In his new book, "America in the World: A History of U.S. Diplomacy and Foreign Policy," Robert Zoellick tells the story of American diplomacy and the traditions that shaped it.

Since the country’s founding, the former World Bank president says U.S. foreign policy has been defined by five traditions: the continent of North America; trade, transnationalism and technology; alliances and order; public and congressional support; and America’s purpose.

The key to successful diplomacy is for each of these traditions to come together, says Zoellick, who served in the administrations of former Presidents George H.W. Bush and George W. Bush, and is a senior fellow at Harvard University’s Belfer Center for Science and International Affairs.

“America does exist not only for what we do at home, but also trying to shape the global environment. That's the purpose in the world,” he says. “You can't do it unless you've got a strong North American base, and what's interesting is many foreign policy people ignore that.”

While America’s relationships with Europe and Asia are important, it’s equally as important to build strong ties on the North American continent, Zoellick says.

“Having a strong continental base will be important in our role in the world,” he says. “Trade and economic relations [are] fundamental to partnerships.”

Many foreign policy experts have criticized President Trump’s foreign policy for its lack of strategy. His meetings with North Korean President Kim Jong-un didn’t yield what was promised. He failed to confront Russian President Vladimir Putin about election interference during their talks in Helsinki. And on top of that, Trump has insulted America’s allies.

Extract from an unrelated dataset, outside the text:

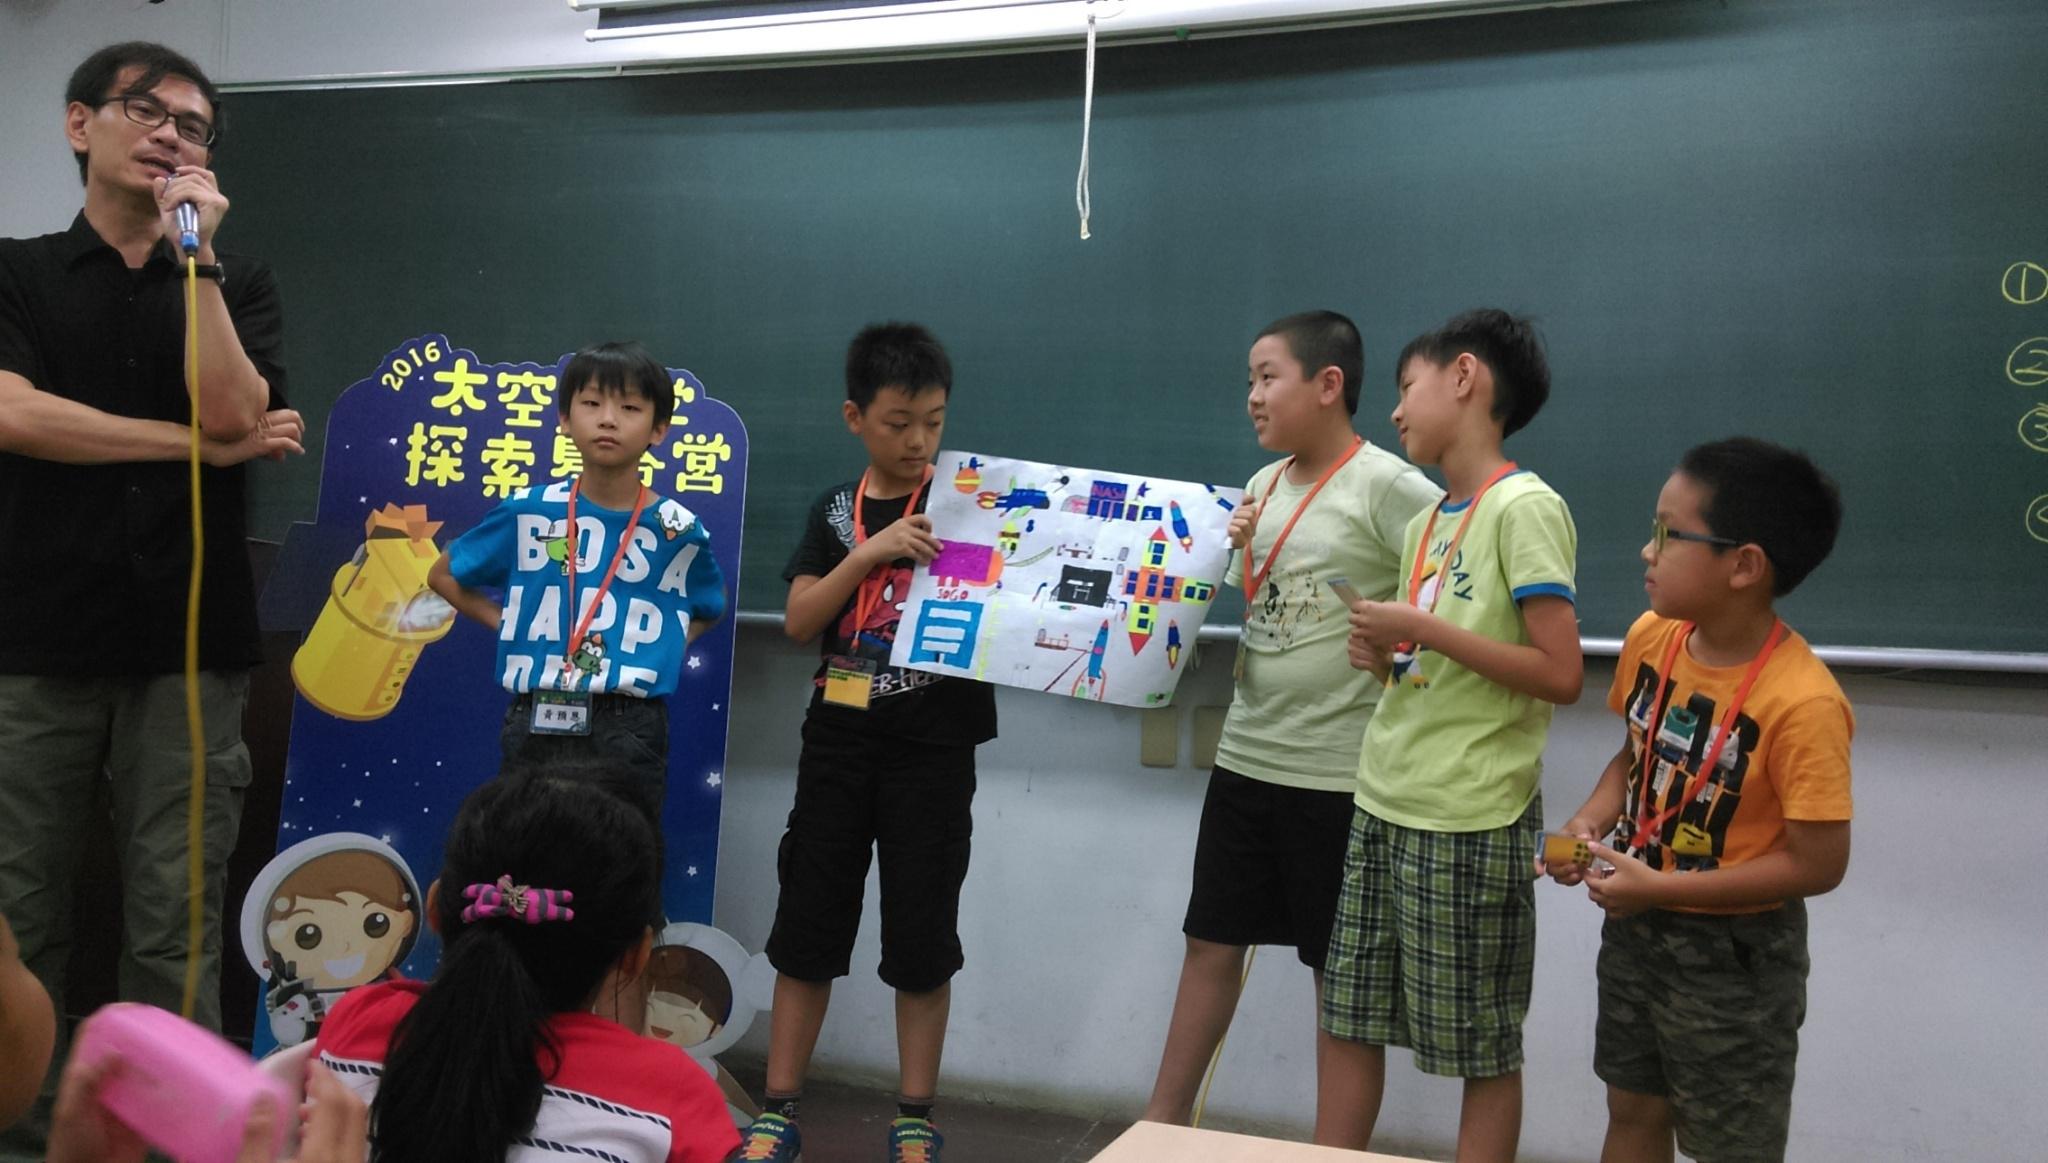 臺北第二梯 活動照片B_4105
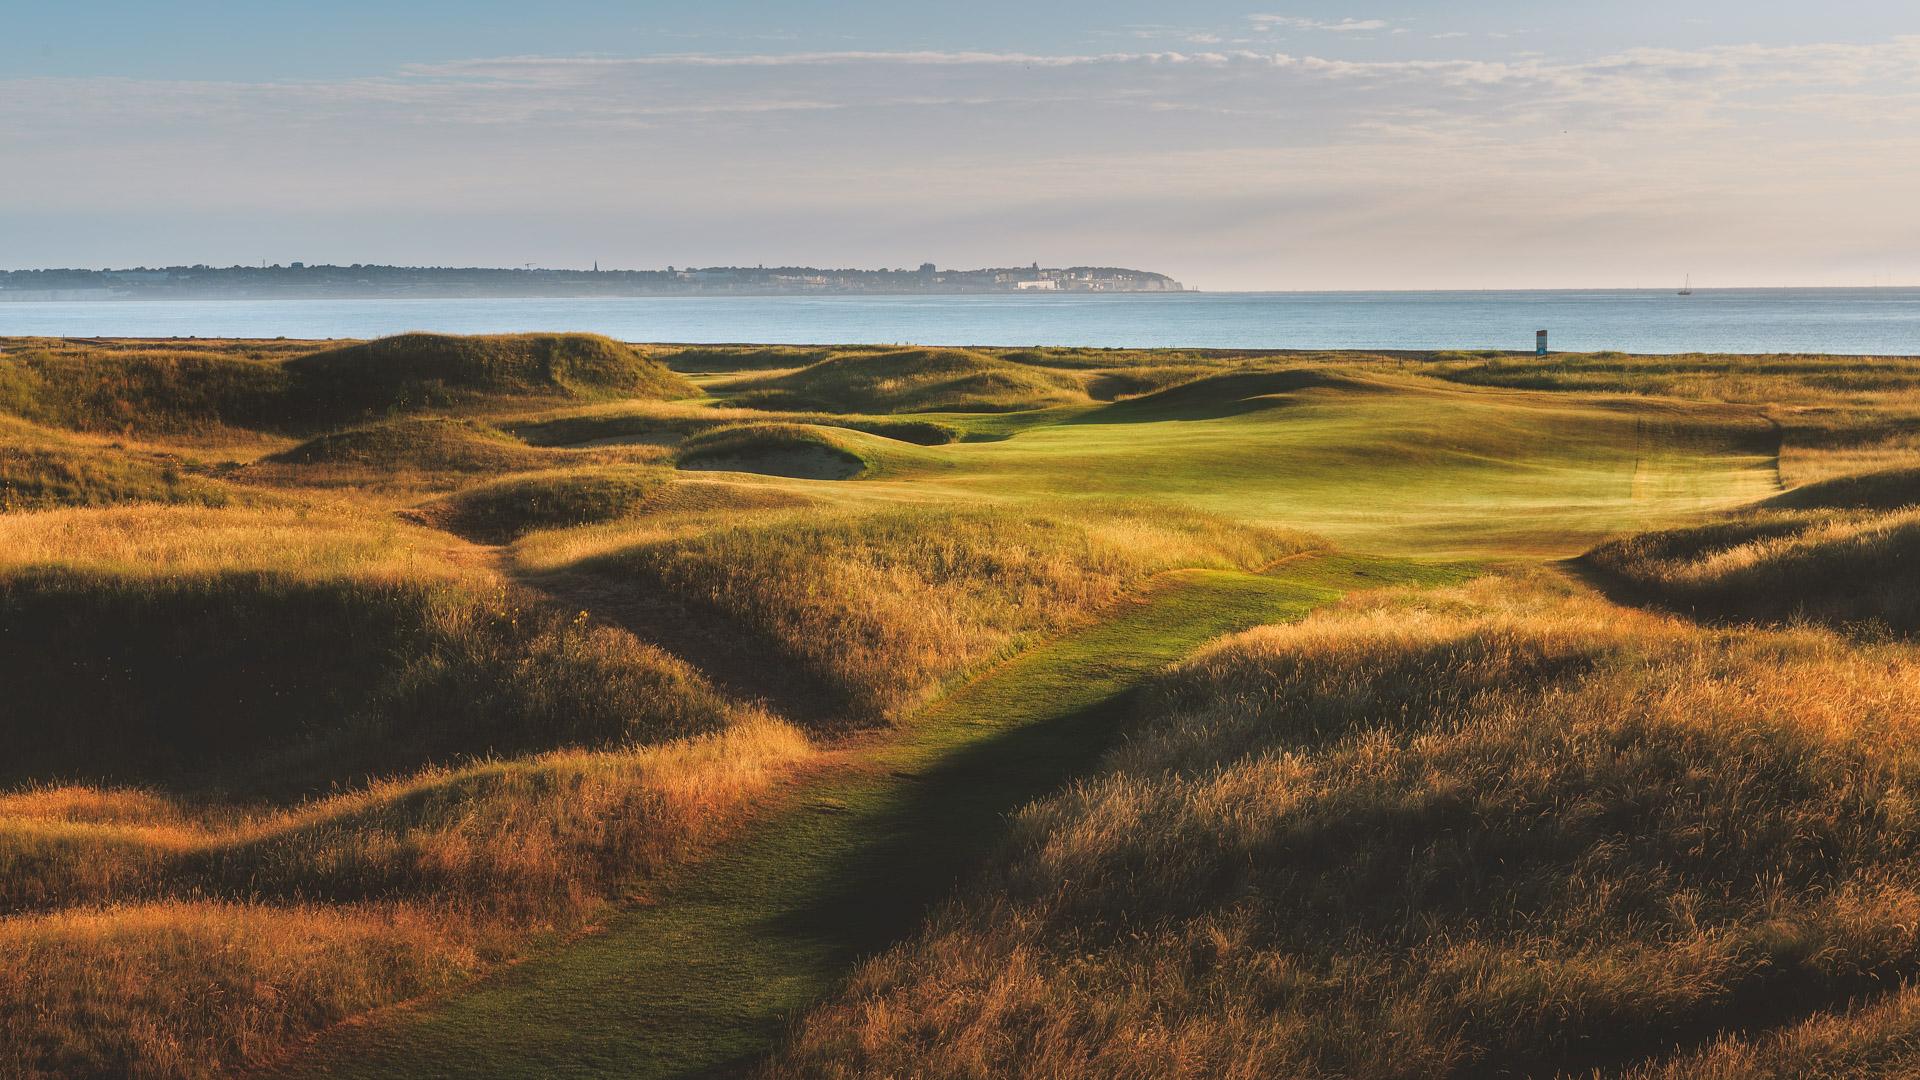 05th-Hole-Royal-St-Georges-Golf-Club0096-Edit-2-2

Zoellick describes Trump’s style as “very transactional.”

“It doesn't focus much on building economic arrangements or alliances or long-term institutions for America's influence,” he says. “It's very personal. It's narcissistic, and other players, including authoritarian ones, are able to play into that.”

Trump’s strategy with world leaders also reflects the needs of his domestic political base, in that he is the first protectionist president since Herbert Hoover, Zoellick says. Trump has also tried to differentiate himself from his predecessors.

“He's kind of the anti-historical president, so whether it's the Bushes or whether it's Obama, he has to be different,” Zoellick says. “So I think that's one reason why the book might be, while historical, [it might] offer some insights for where we go from here, because in some ways, Trump has been the disrupter.”

Interview Highlights 

On how the founding fathers shaped foreign policy today 

“Insofar as people talk about America's history in the world, they tend to focus only on the post-World War II period. ... There's a lot of interesting ideas and experience from the first 150 years. So when I look at each of these individuals, each one I try to associate with a perspective. So for [Alexander Hamilton], it's the role of economic statecraft. With [Benjamin Franklin], it's a wonderful story, if you think about it, about moving from war to peace, the challenge of working with allies in Congress. So one of the points of this book is I try to go beyond the intellectual frameworks that are often debated and talk about the practical work of diplomacy. And I try to add my insights from my experience or how I read events based on that, and I think many of those experiences from those earlier periods still offer guidance today.”

On if tariffs are a good lever for diplomacy 

“It depends if your goal is to lower tariffs or not. But Trump in his inaugural said he was a protectionist. That's a pretty good hint. And on the top of that he said he's a tariff man. So if you take, say the relationship with China, after three and a half years, he finally negotiated sort of a purchasing package agreement, and really they're only about half way to sort of the targets they set. He didn't change the rules. He didn't try to open the markets more effectively, and the tariffs are still in place. But equally so, claiming that Canada is a national security threat to raise aluminum tariffs. This just raises costs for Americans and frankly, hurts our exporters, farmers, others, and hurts our role in the world.”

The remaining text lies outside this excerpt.